I wonder if MENT or Dbol would give the best of both worlds as they are strong androgens with a massive estrogen conversion.
Dbol felt less harsh for me likely as a result of high conversion. It’s not beneficial however.
I recommend watching Dr Alfonso and Mitch video on YouTube. That explains it well. The benefits in what I do results largely from lowered androgens (in my case castrate levels). It is about matching the AR : androgens equilibrium and in PFS affected tissues AR is hypersensitive to androgens. I believe something crazy like 100 times more sensitive. In the literature castrate levels are optimal for growth. Also in the literature estrogens, anti-androgens and other hormones bind to AR in agonist way (not like in normal tissues without the issue which do not allow binding of other steroid ligands to its binding domain).
Why aren’t we all hyper-sexual you may ask from the above? Well hypersensitive tissues to androgens at the overexpression level results in suppression of tissue growth in a normal androgen level environment. Picture a bell curve - there are increased benefits until you hit the peak and then the direct opposite occurs beyond that point. We are way past the peak and there is likely some gene that is not regulating AR back to normal.
In a certain way it’s way easier for me because PFS is so severe and widespread, that the response to low androgens is therapeutic and brings some androgenic effects I would have previously got from androgens.
For further reading I recommend anything current in mCRPC. But at least watch the video with Dr Alfonso.
Below is a good start.
Because of AR over-expression. It is also reasonable to assume ER under-expression in the affected tissues. So not only AR:Androgen equilibrium is off but also ER:Estrogen.
So estrogens can help certain symptoms as well.
Basically my goal has been since about 3 years ago now to castrate myself and increase E2 levels to fit the new equilibriums. It works exactly as the literature explains and even though logically I was expecting a lot, I was still completely taken back by how extreme the improvements were.
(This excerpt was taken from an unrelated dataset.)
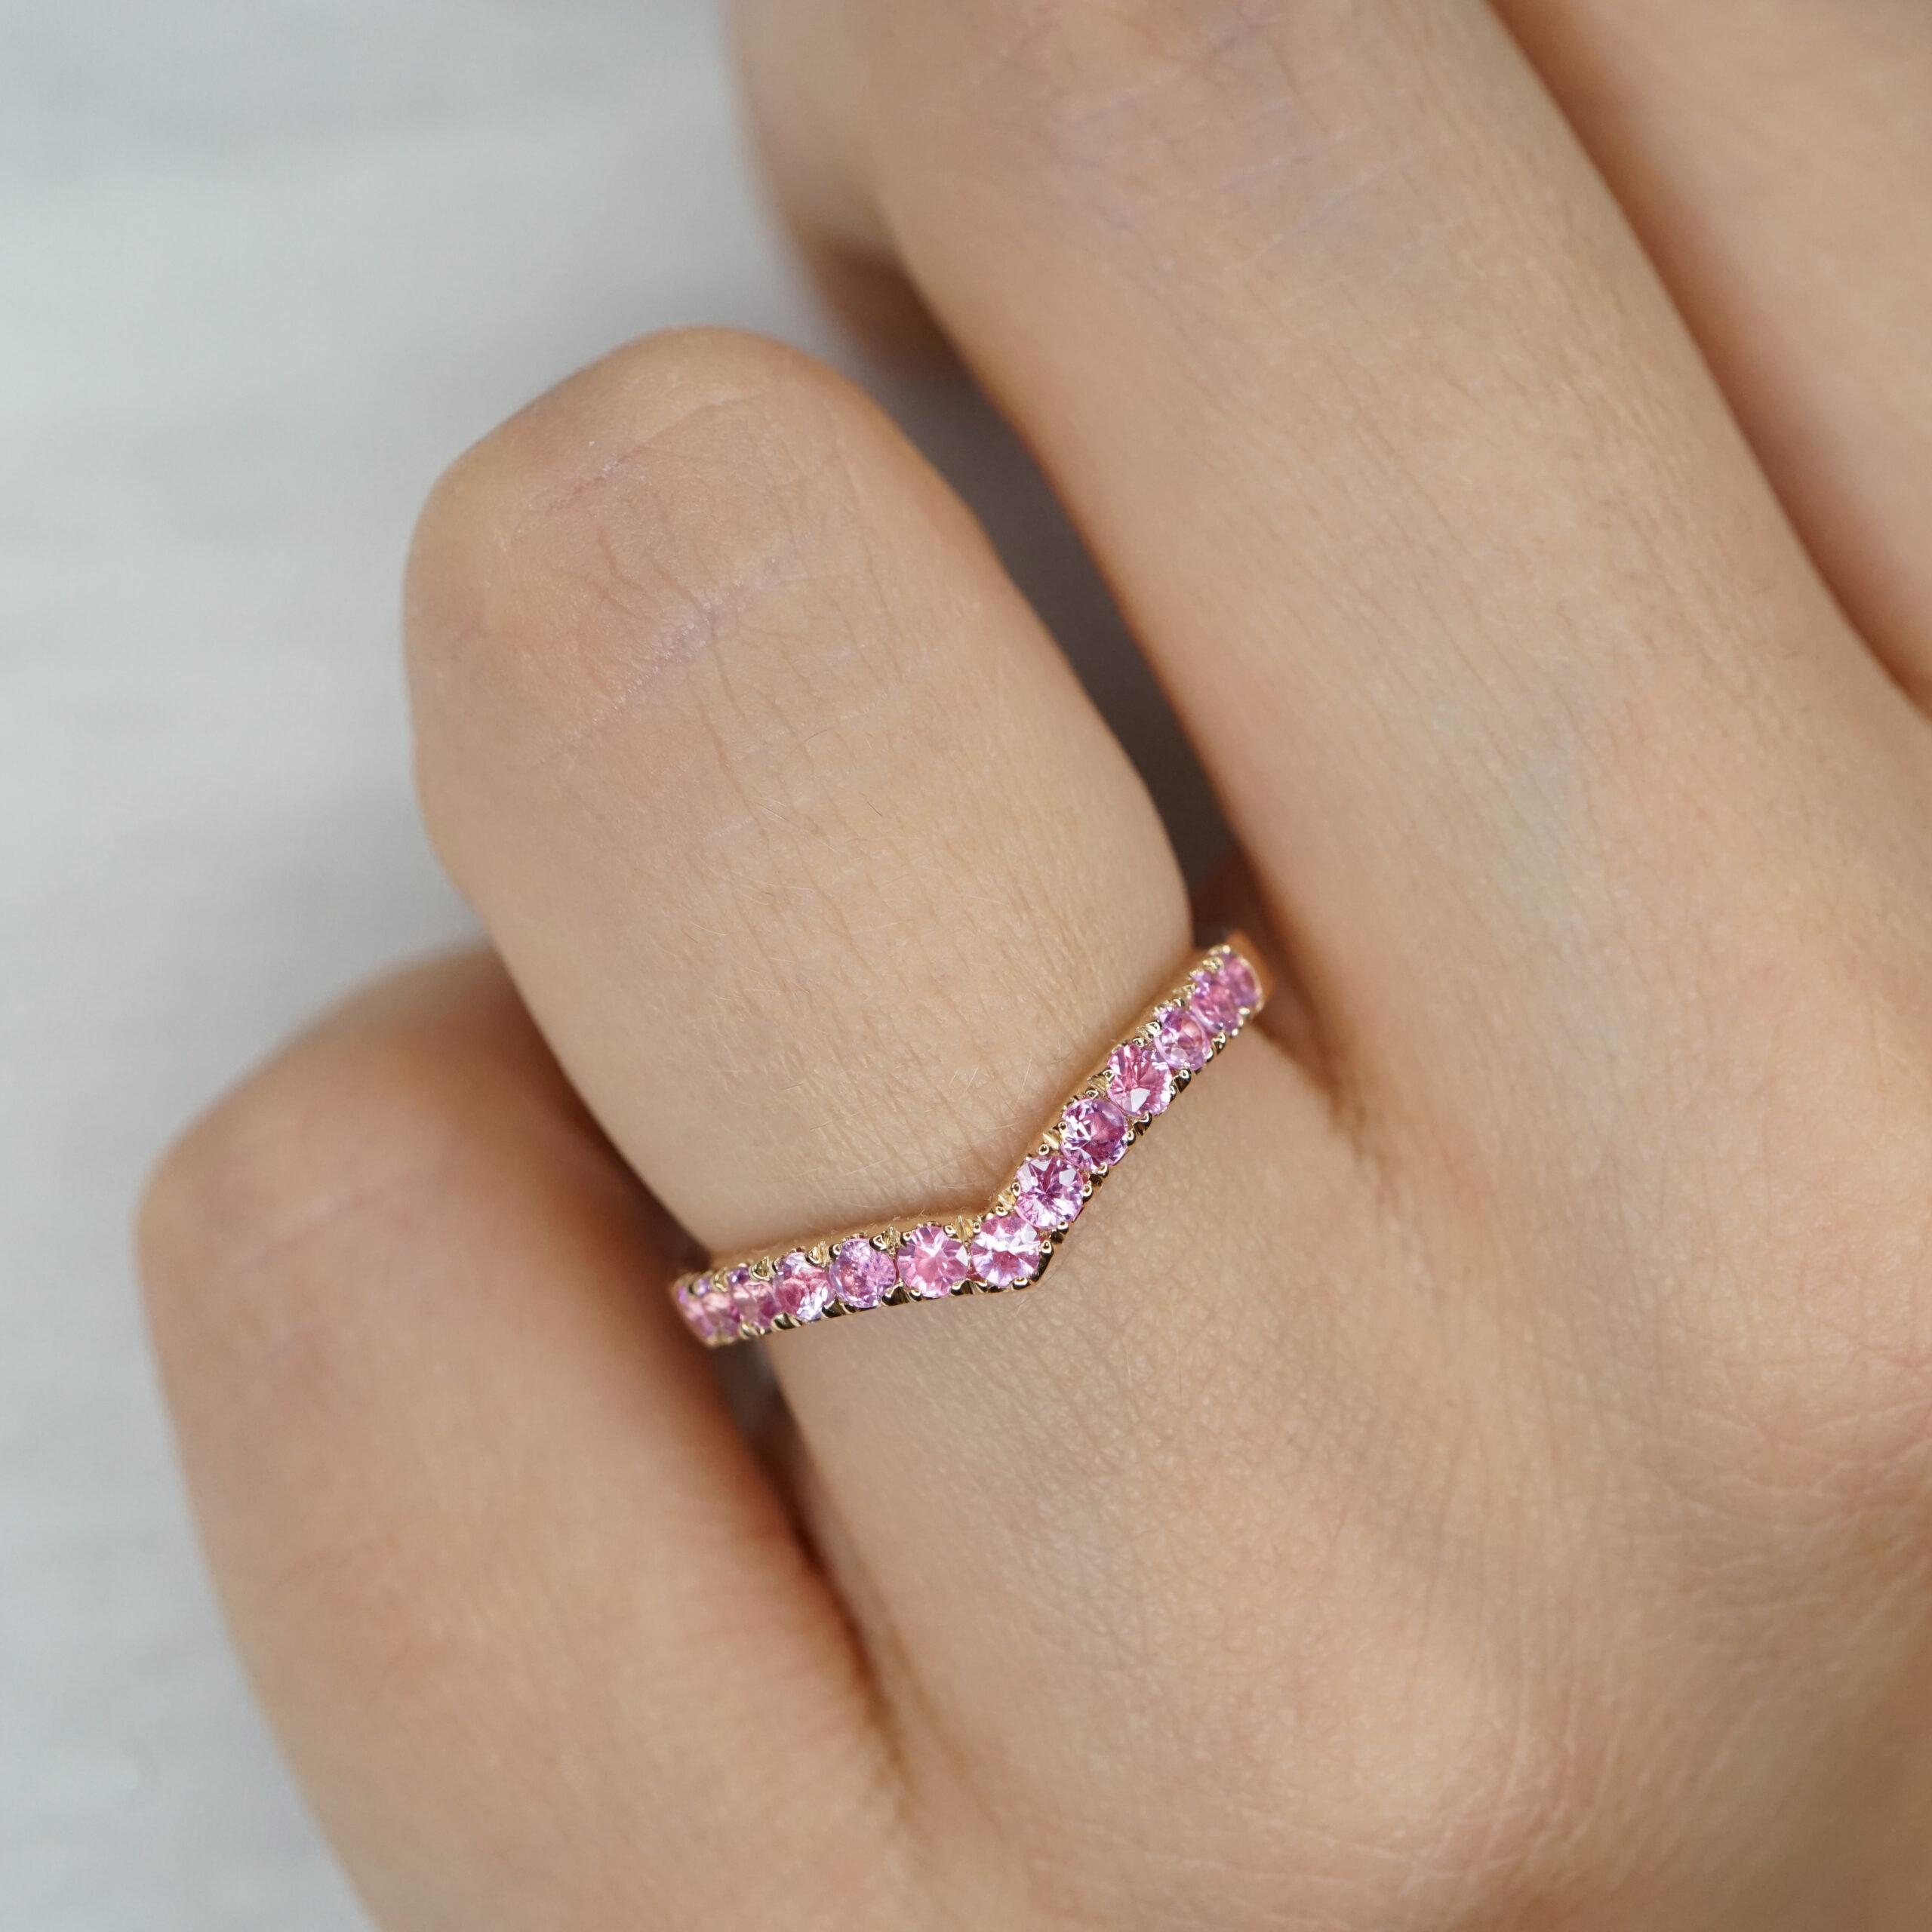 Crivelli - Anello Chevron in oro rosa e zaffiri rosa

In order to castrate simply taking large amounts of estrogens is the safest way. The treatment would be called Estrodiol HRT monotherapy and would take time to work as a form of castration.
There’s one guy with a similar background as you (post exemestane syndrome of sorts).
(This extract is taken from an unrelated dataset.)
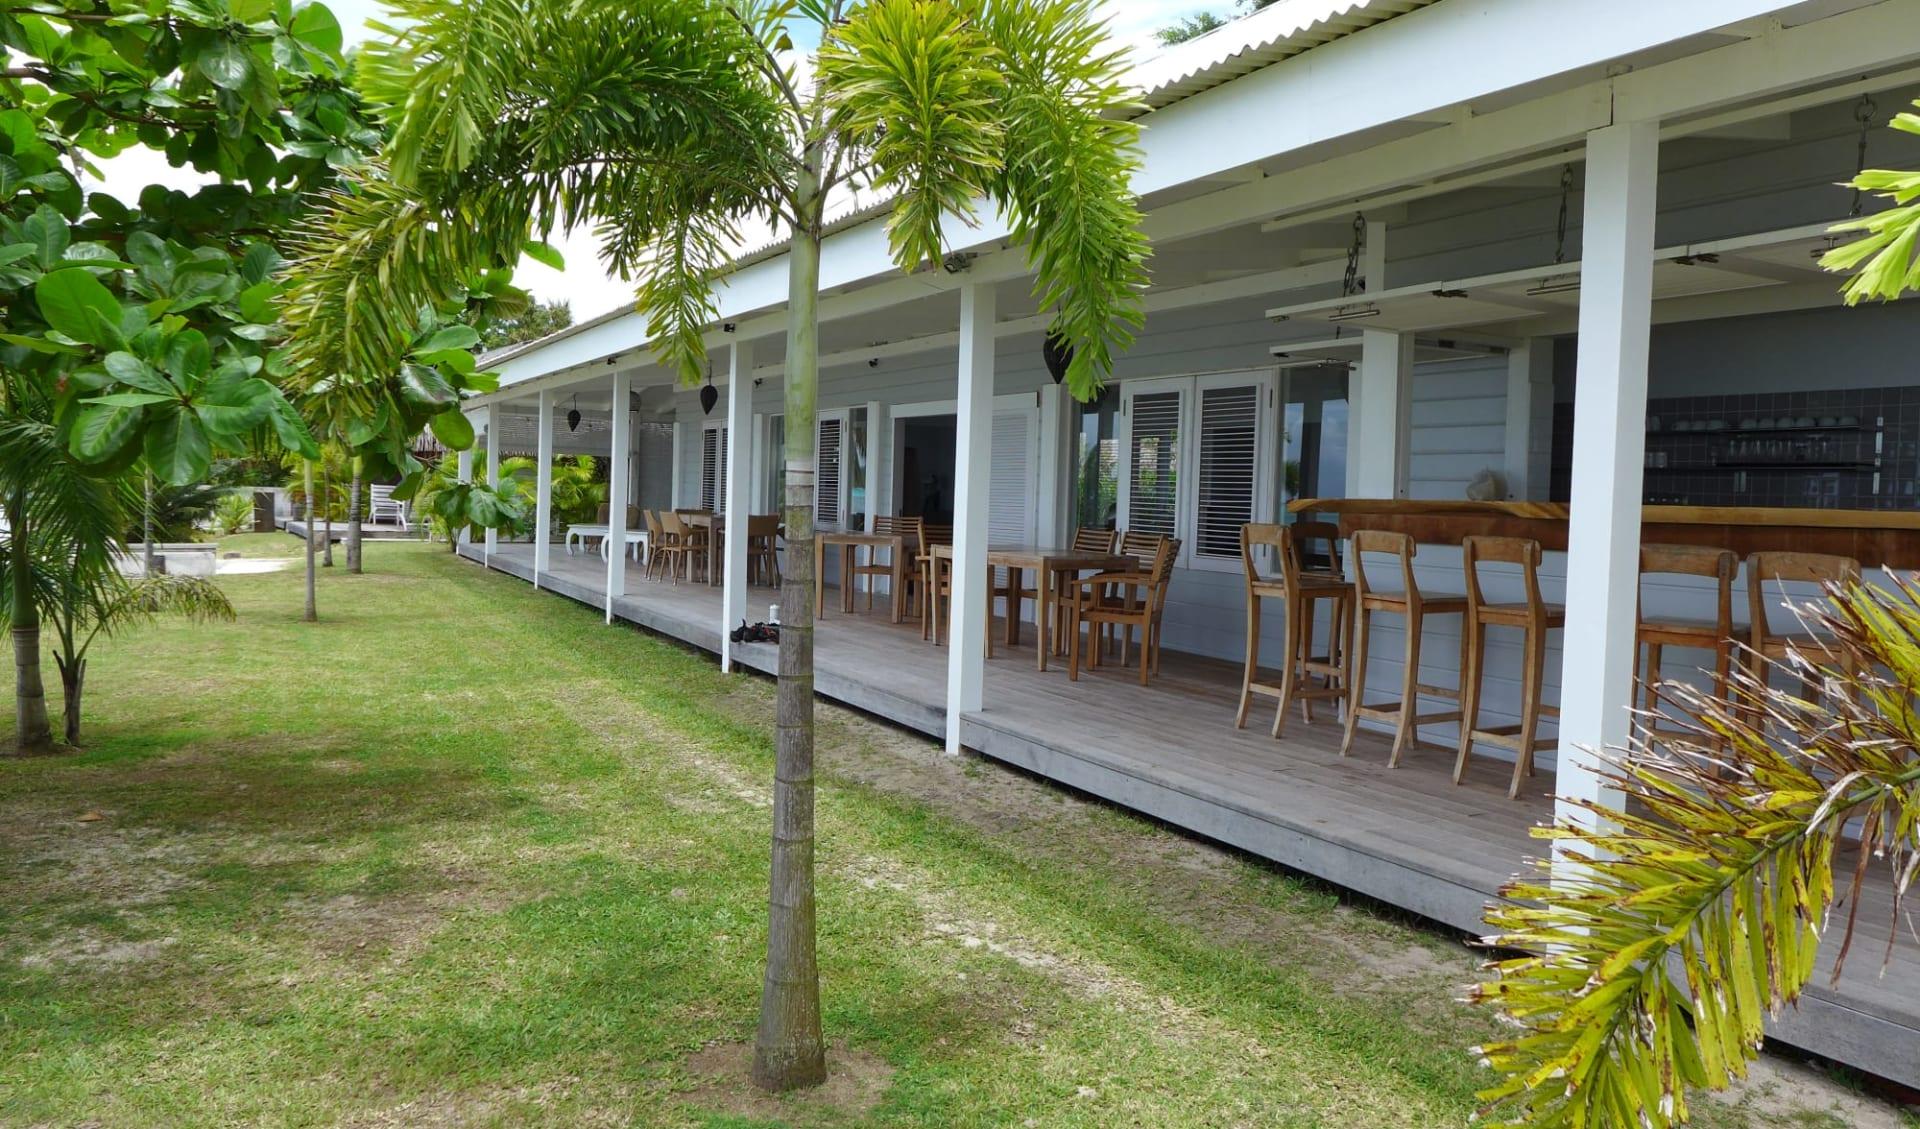 Moorea Beach Lodge:  Moorea Beach Lodge (11)

Idk if he speaks the truth but he tried mtren specifically. Mtren is the most potent androgen available afaik.
https://raypeatforum.com/community/threads/finally-cured-from-post-finasteride-syndrome.33215/post-990391
Your experience with e2 is very interesting to me.
Have you had blood tests done on your protocol (lh/fsh, test:e2, shbg, ceruloplasmin etc markers are especially interesting)?
Also, AR could be manipulated by manipulating GR (similarity of structure; zinc finger etc). The same applies to ER but via a different pathway (ER-CB1-GR and GR-PGE2-aromatase).
I think microbiome/or even just gut dysfunctions are in a big part androgen:estrogen mediated but also conversely dybiosis disrupts proper binding of androgens to AR and estradiol to ER. Check this: https://raypeatforum.com/community/threads/transdermal-testosterone-solvent.52479/post-980856
Yes, so regarding helping the gut. Many people in the forum refer to it like chicken and egg scenario.
Poor gut health definitely is a knock on effect rather than the root cause without a doubt, however that’s not to say a lot of symptoms can’t be related to the gut and therefore can’t be helped with that type of focus.
I’ve had benefits from a 10 day water only fast, also from artemisinin, and a bunch of supplements that can help the gut in theory such as berberine and curcumin. Not much long term improvements unfortunately, but the fast has the most benefits.
I do think there is great benefits to be had from FMT, but I wouldn’t spend loads of money expecting a lot.
Manipulating hormones had the most beneficial impact on my gut health, which for me has been about lowering hormones.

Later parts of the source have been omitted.